- _WHAT THIS TASK INVOLVES_
Would you repeat word for word the lines of the listing that follows, from the one with "Ella Moss Long" up to and including the one with "parcs et jardins italiens une", and leave out the images?

[ENTRIES PROVIDED Boundary: Start]

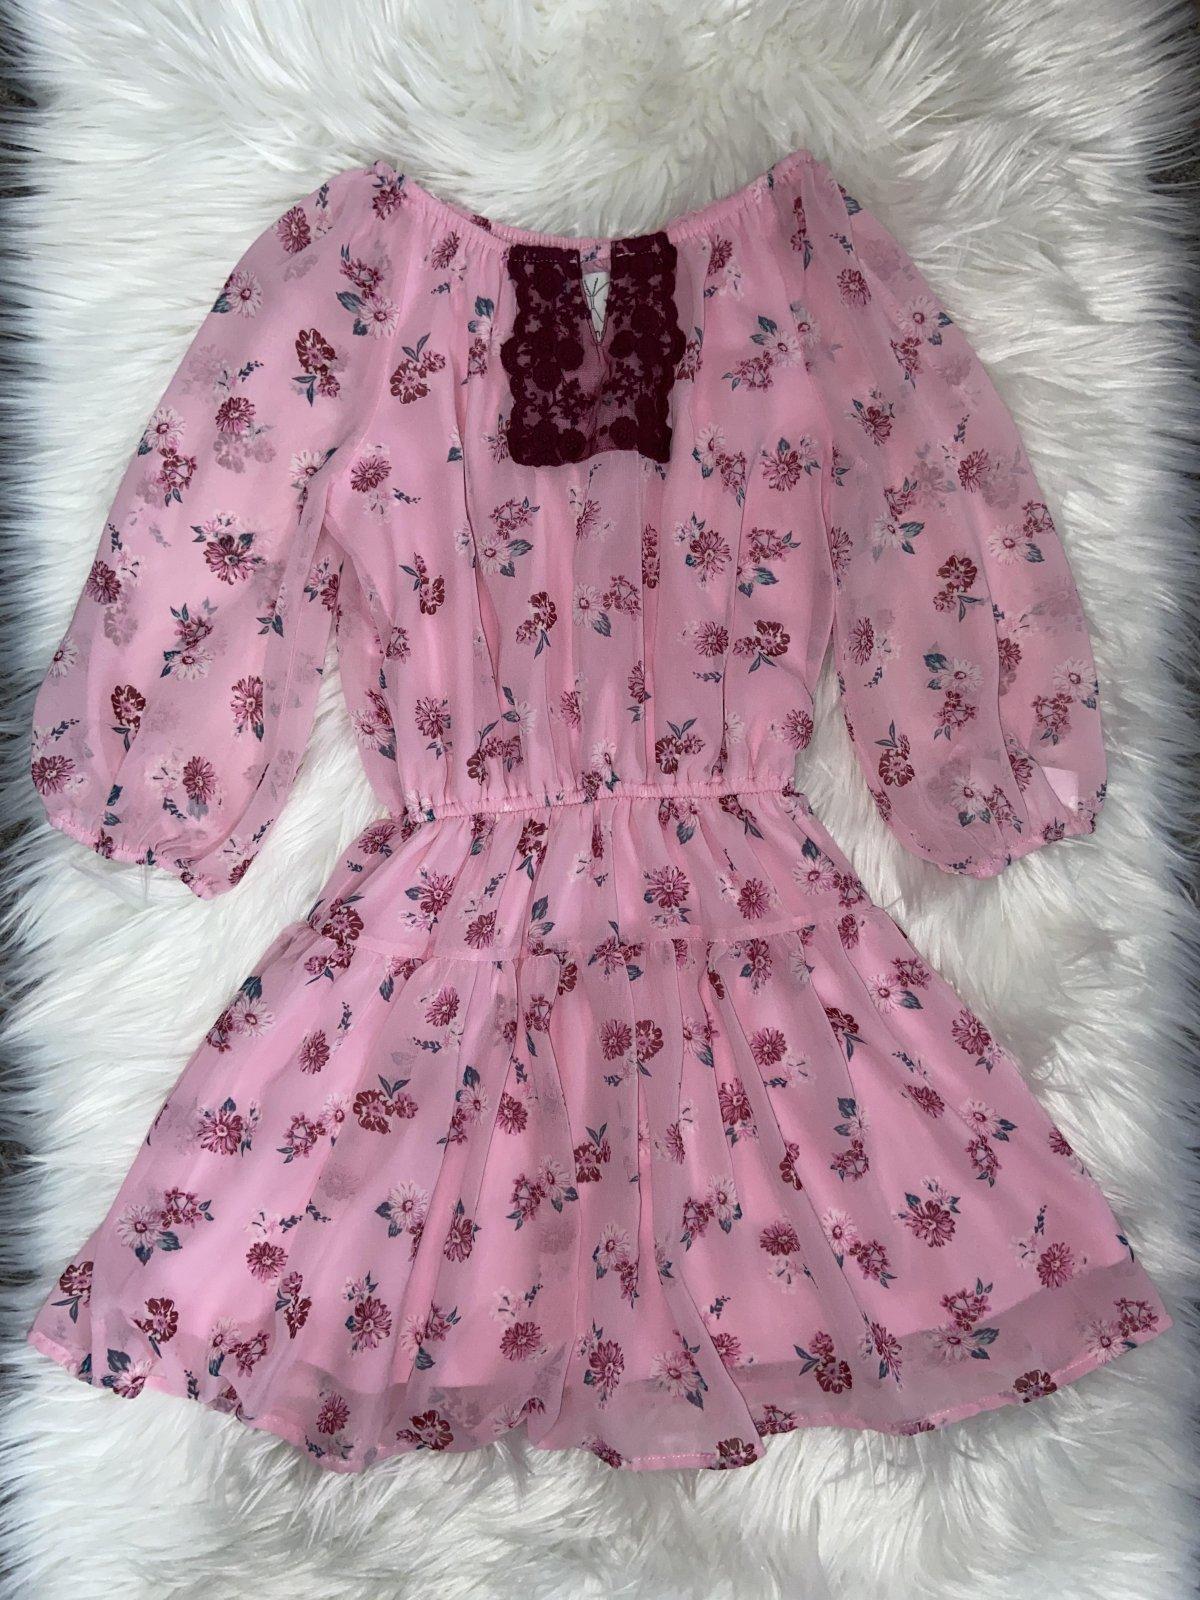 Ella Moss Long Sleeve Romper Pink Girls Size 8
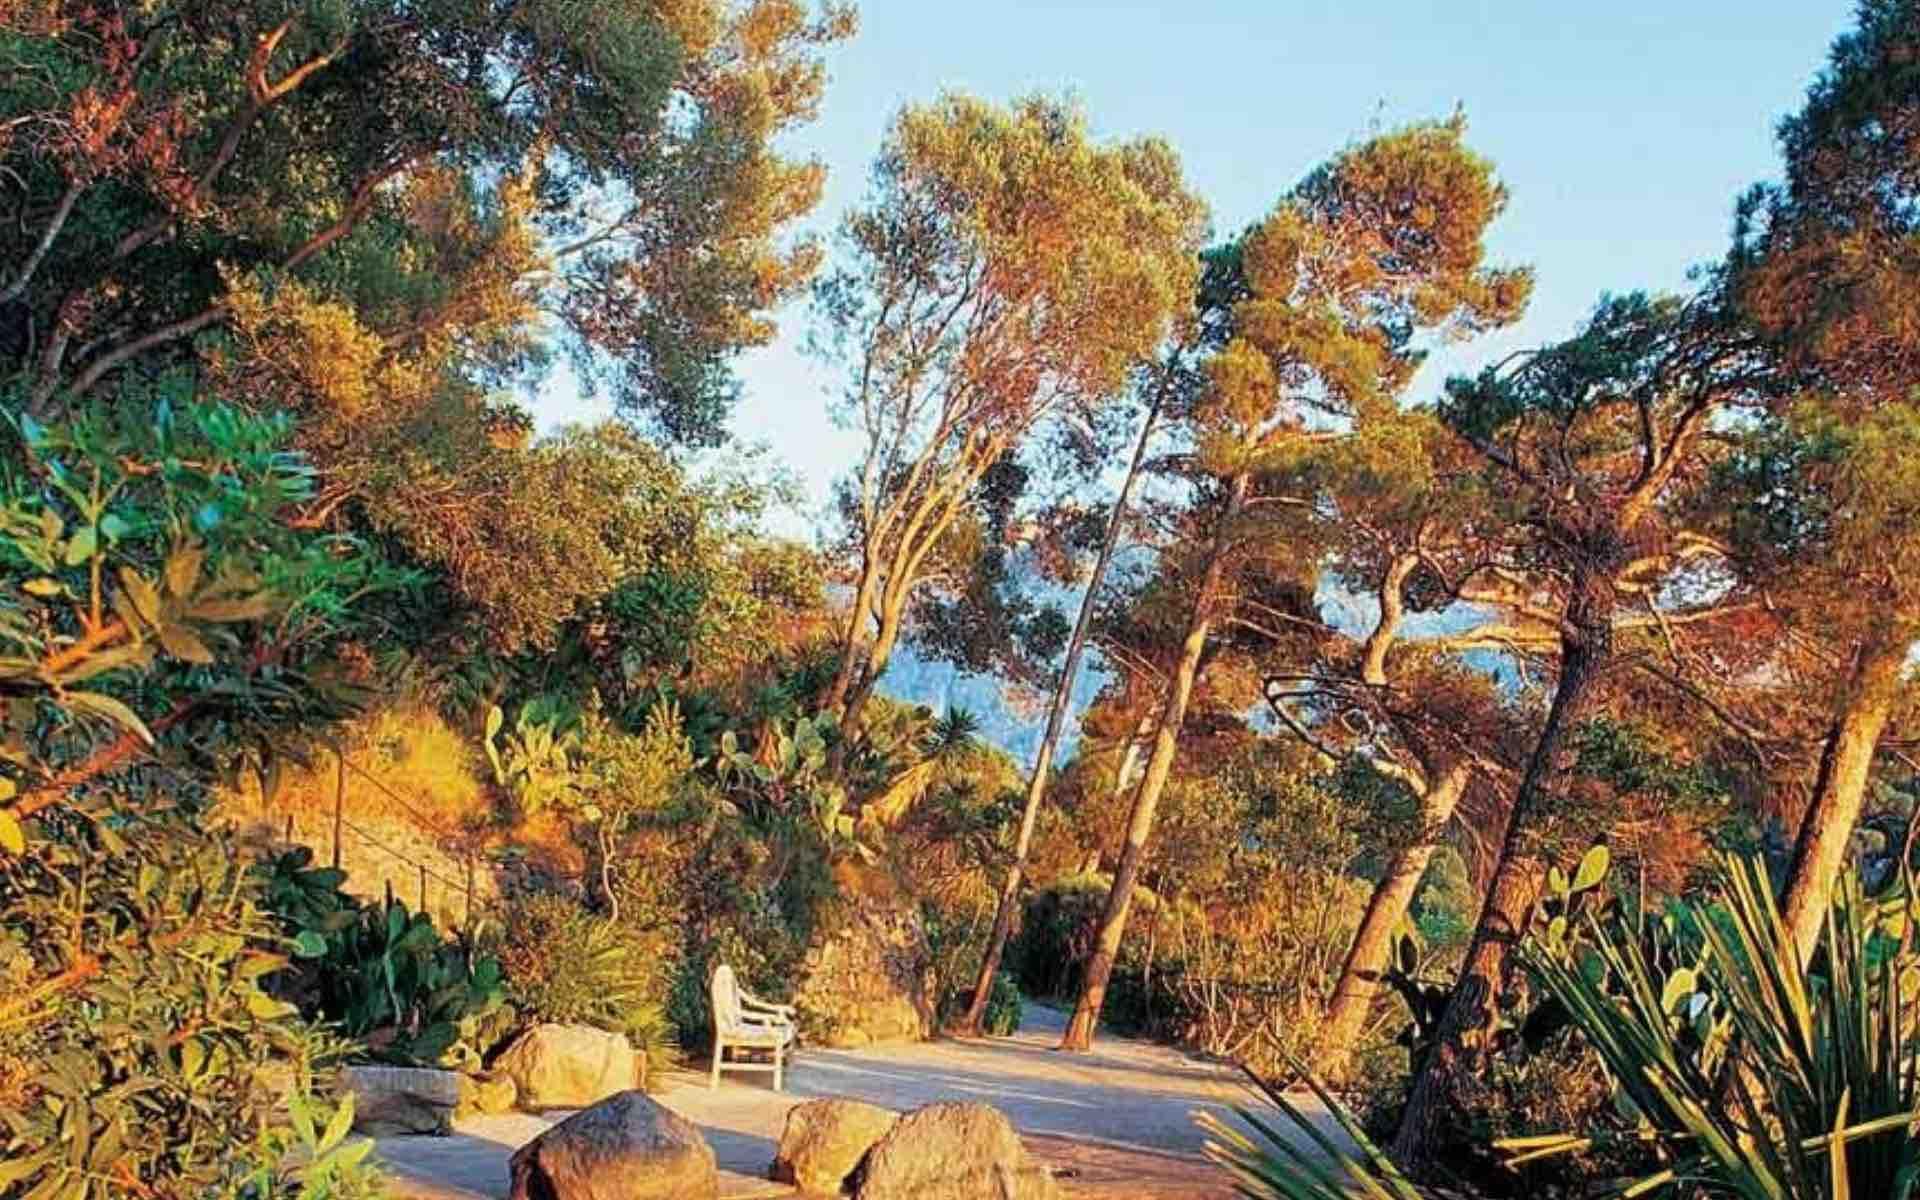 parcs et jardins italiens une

[ENTRIES PROVIDED Boundary: End]
[ENTRIES PROVIDED Boundary: Start]

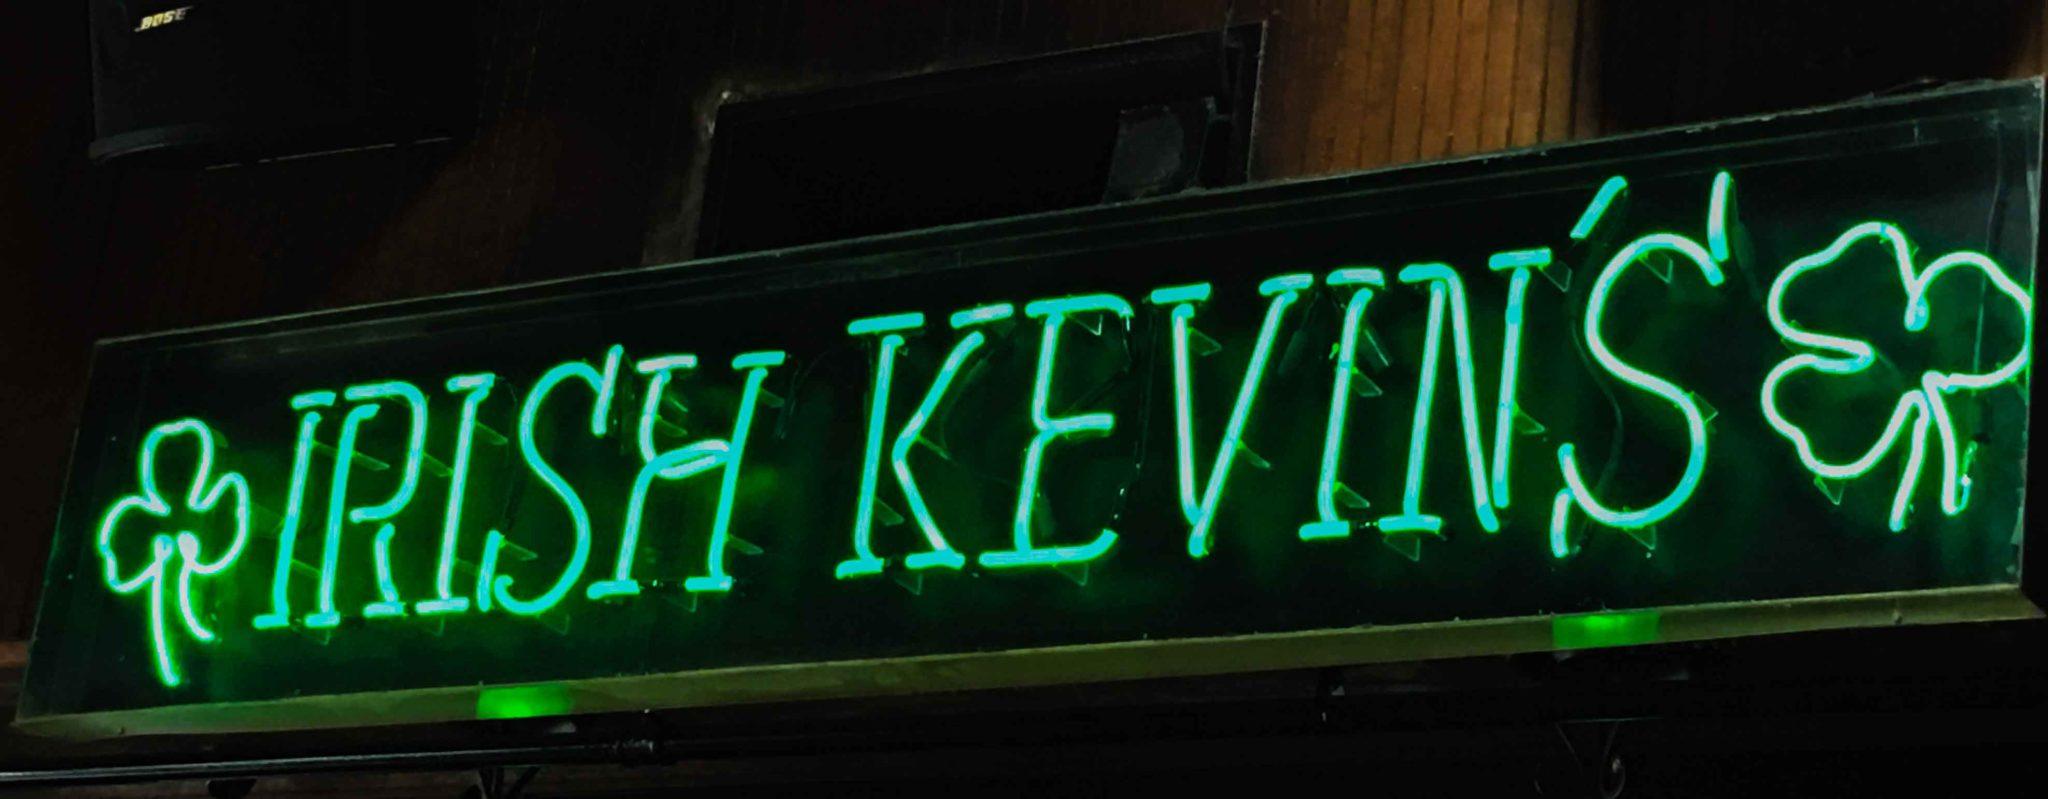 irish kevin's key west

[ENTRIES PROVIDED Boundary: End]

- _ANSWER TO THE EXERCISE_
 Ella Moss Long Sleeve Romper Pink Girls Size 8
 parcs et jardins italiens une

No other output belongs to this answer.